**What you have to do**
In your copy, leave out the pictures and reproduce the listing below exactly.

**Dataset extract**
========
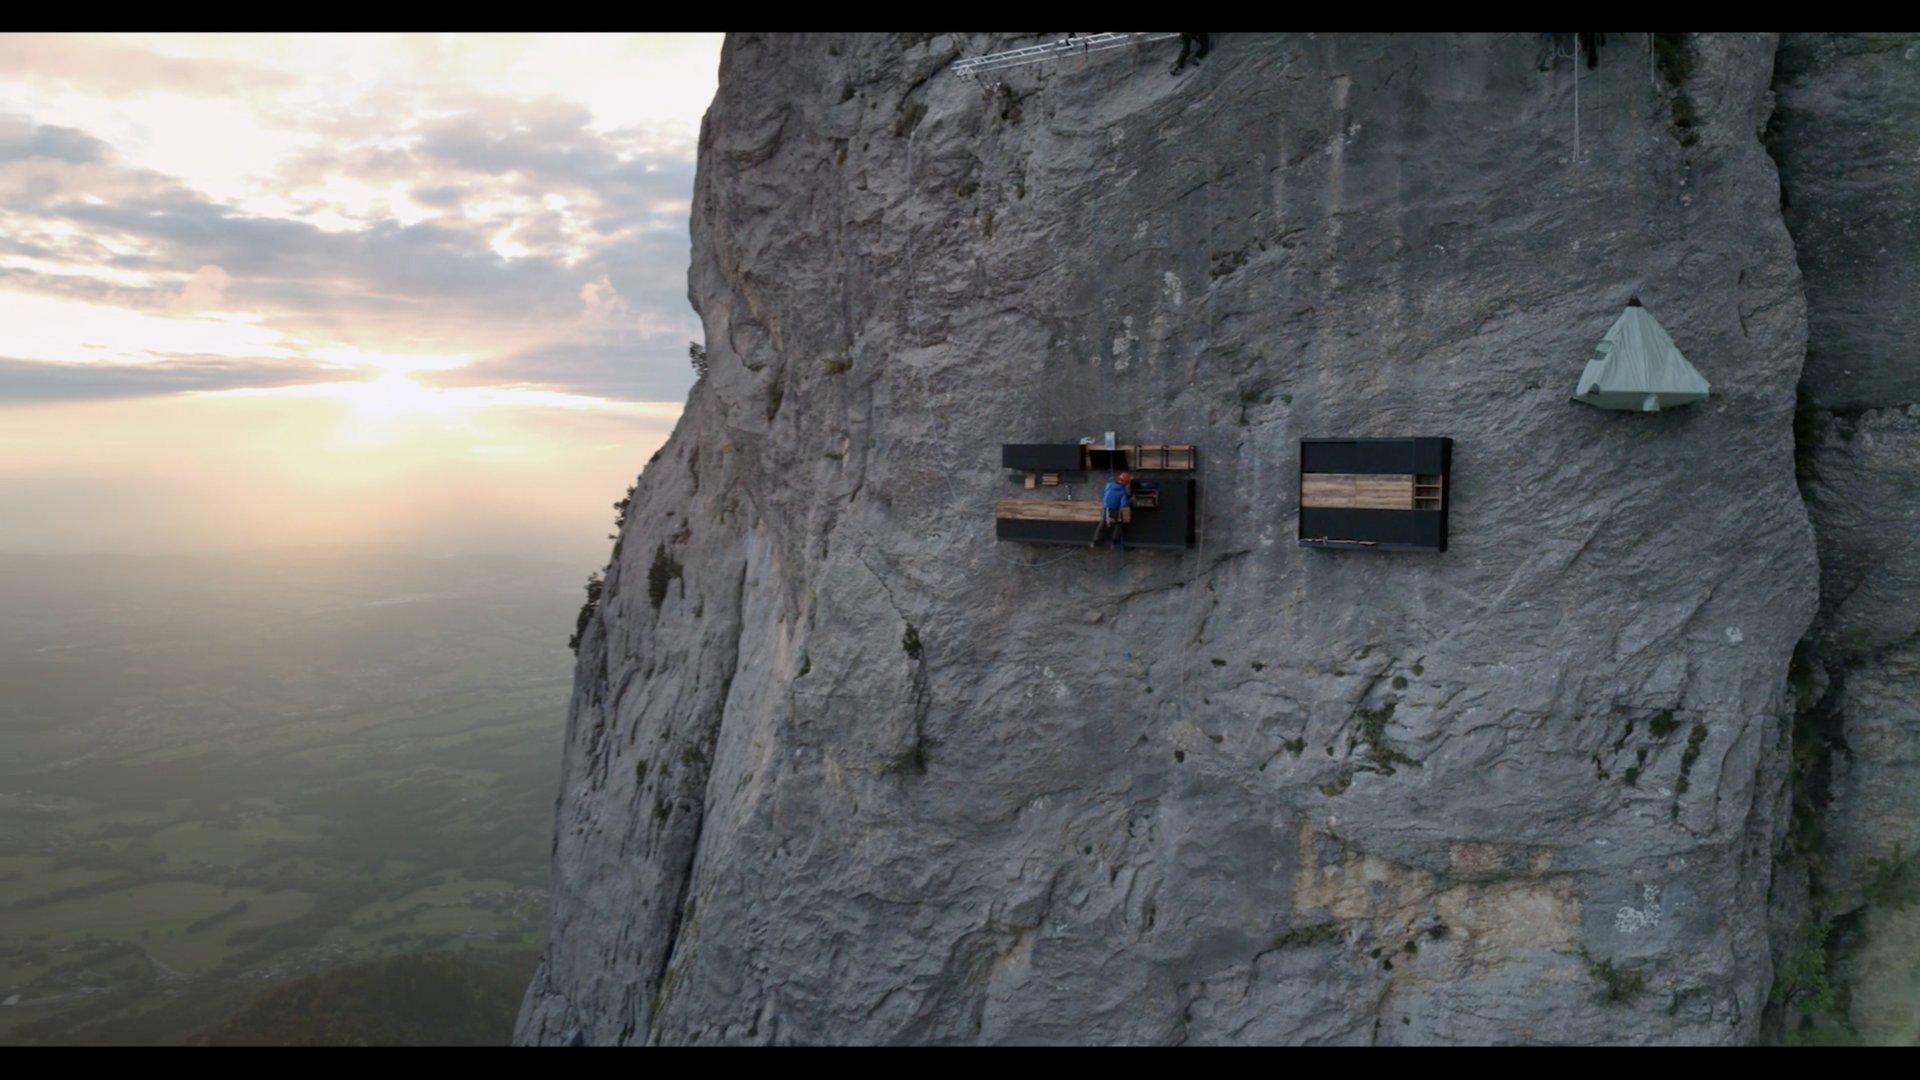 Vertical Home - Cuisine et dressing dans un paysage de montagne
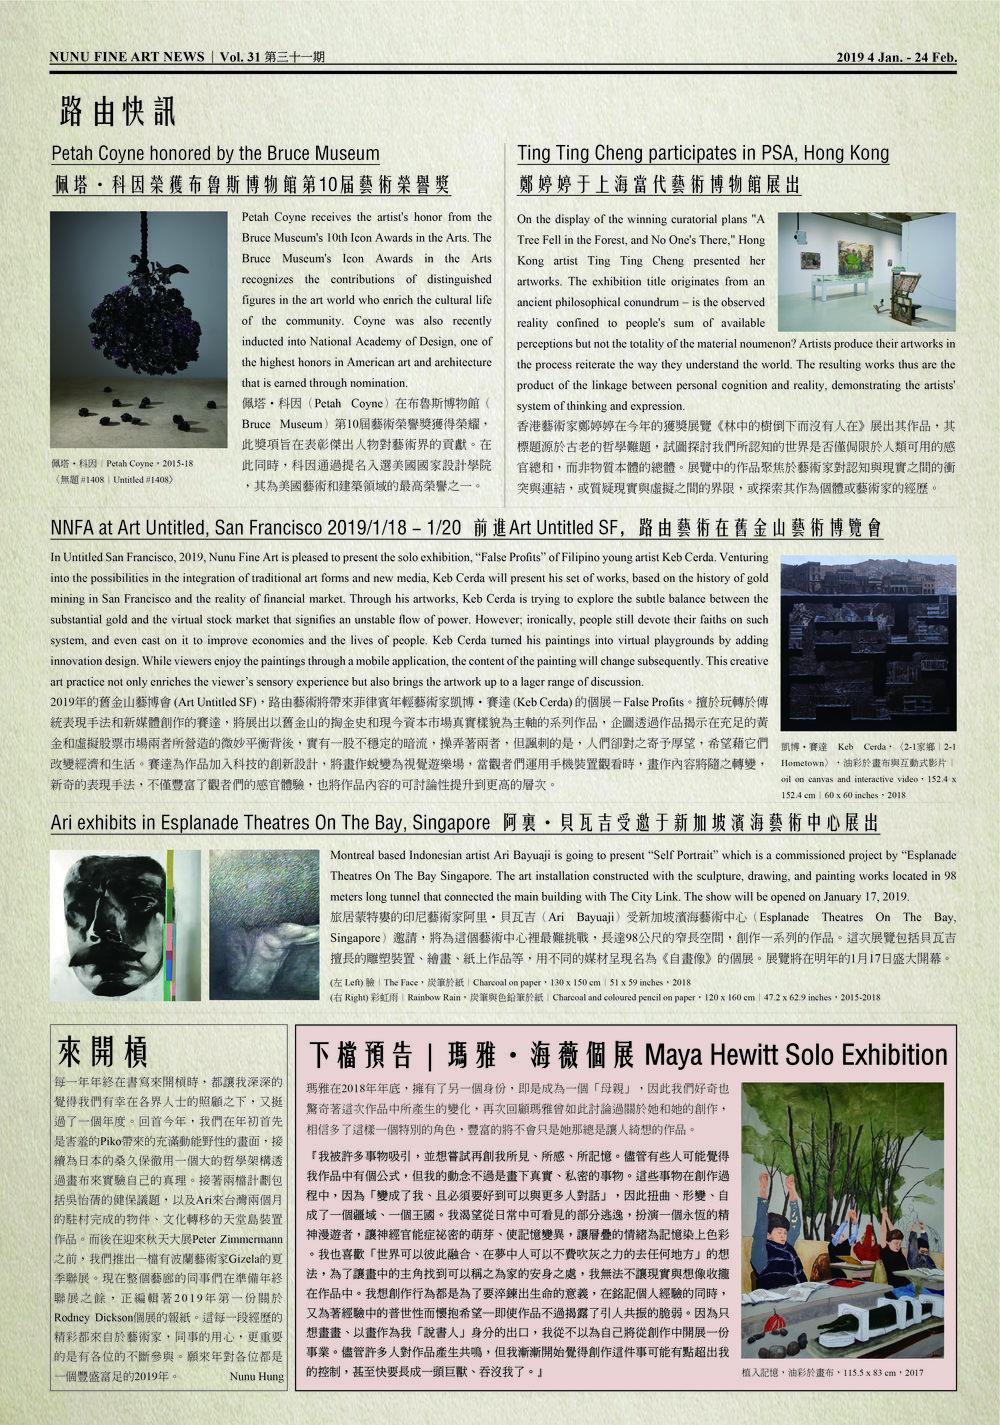 路由藝術報第31期報紙正面-01-02.jpg
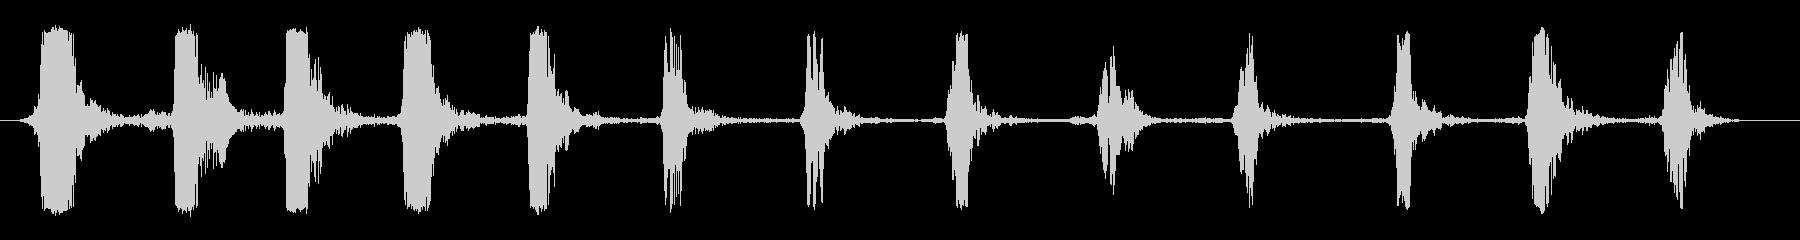 くるくる回るコードの回転の未再生の波形
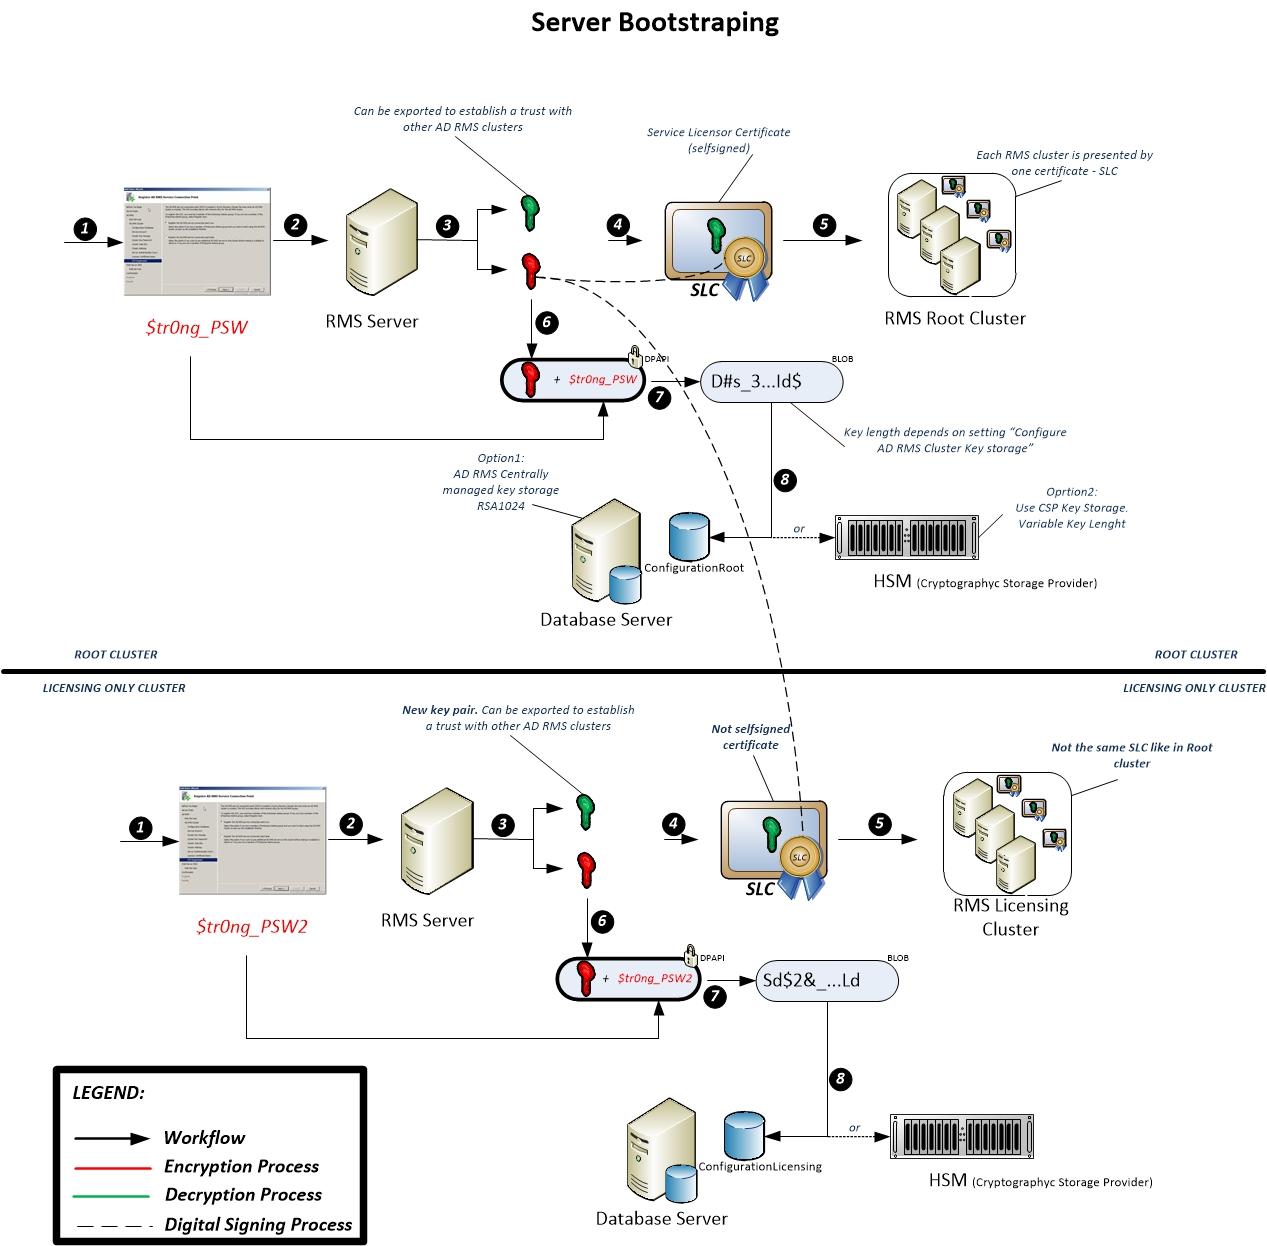 Server Bootstraping_v.1.0
========
**Your solution**
 Vertical Home - Cuisine et dressing dans un paysage de montagne
 路由藝術報第31期報紙正面-01-02.jpg
 くるくる回るコードの回転の未再生の波形
 Server Bootstraping_v.1.0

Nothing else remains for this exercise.